I observed that the batch mode takes a very long time to process as the number of sequences becomes large. I traced this to the following code in MELTING 5.2:
configuration/OptionManagement.java, line 605:
BasePair.initialiseNucleicAcidList();
Here is the function in sequences/BasePair.java:
public static void initialiseNucleicAcidList(){
existingNucleicAcids.add("A");
existingNucleicAcids.add("T");
existingNucleicAcids.add("U");
existingNucleicAcids.add("G");
existingNucleicAcids.add("C");
existingNucleicAcids.add("I");
existingNucleicAcids.add("-");
existingNucleicAcids.add("A*");
existingNucleicAcids.add("AL");
existingNucleicAcids.add("TL");
existingNucleicAcids.add("GL");
existingNucleicAcids.add("CL");
existingNucleicAcids.add("UL");
existingNucleicAcids.add("X_C");
existingNucleicAcids.add("X_T");
}
The issue seems to be that call in OptionManagement adds the nucleic acids to the internal list of acids for the class object, not an instance.
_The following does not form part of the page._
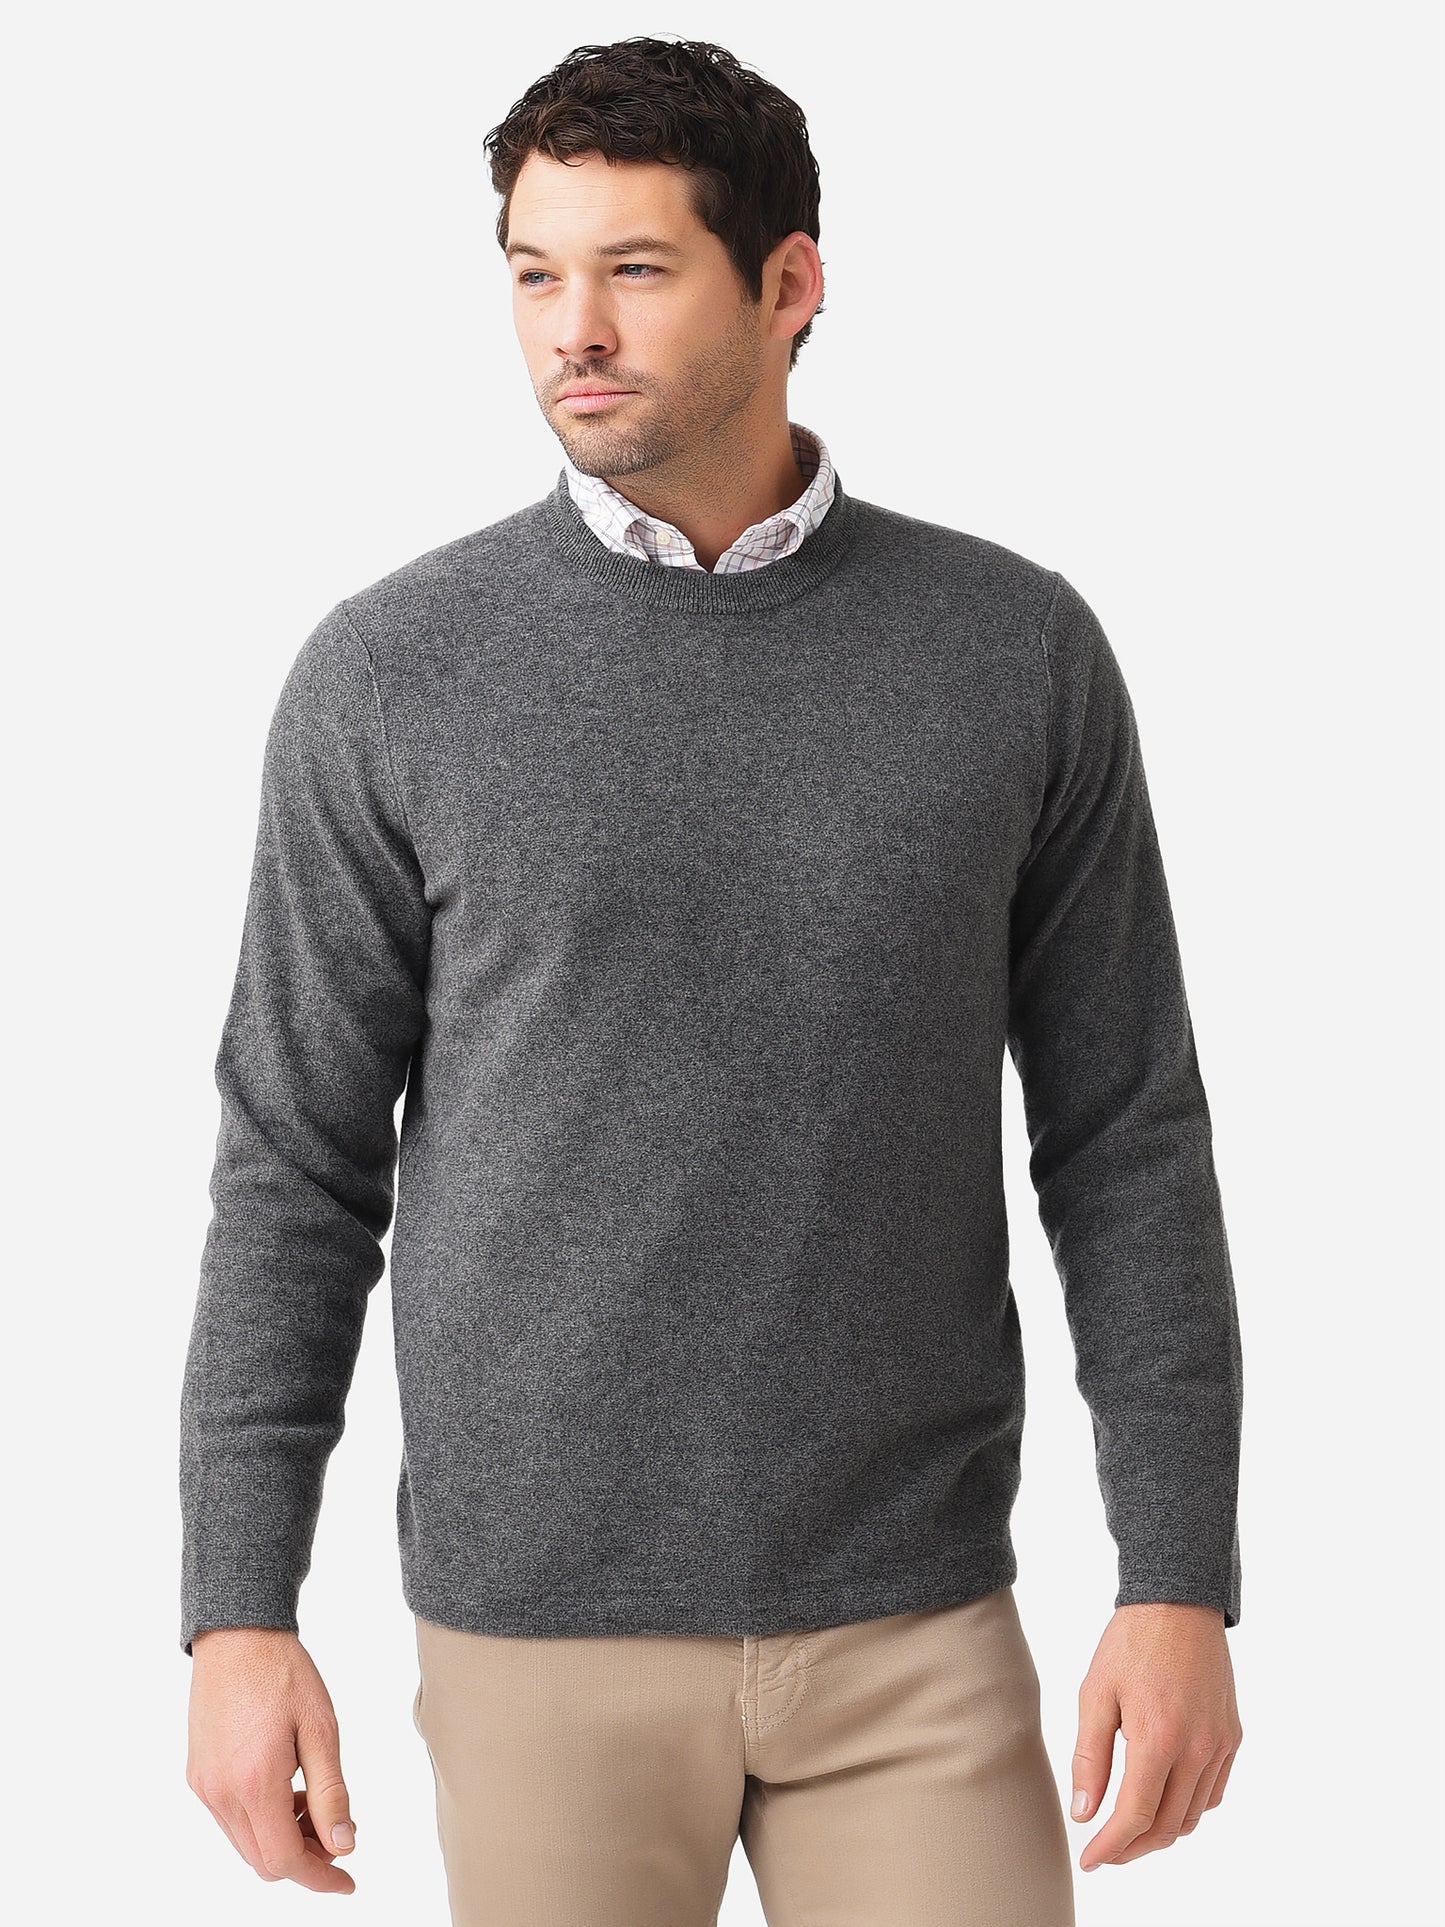 Vince Men's Boiled Cashmere Long Sleeve Crew Sweater

The environment is reconstructed for every sequence so this method is called over and over and the list grows with every initialization. Since every call to parse the nucleic acids from a sequence requires traversing the entire list, run time becomes O(n^2). I fixed this locally by removing the code in the initialization function and statically declaring the array:
...
private static ArrayList<String> existingNucleicAcids = new ArrayList<String>(
Arrays.asList(
"A",
"T",
"U",
"G",
"C",
"I",
"-",
"A*",
"AL",
"TL",
"GL",
"CL",
"UL",
"X_C",
"X_T"
)
);
public static void initialiseNucleicAcidList(){
}
This changed the run time for 50,000 sequences from > 2 hrs to ~15 sec.
Best,
Duncan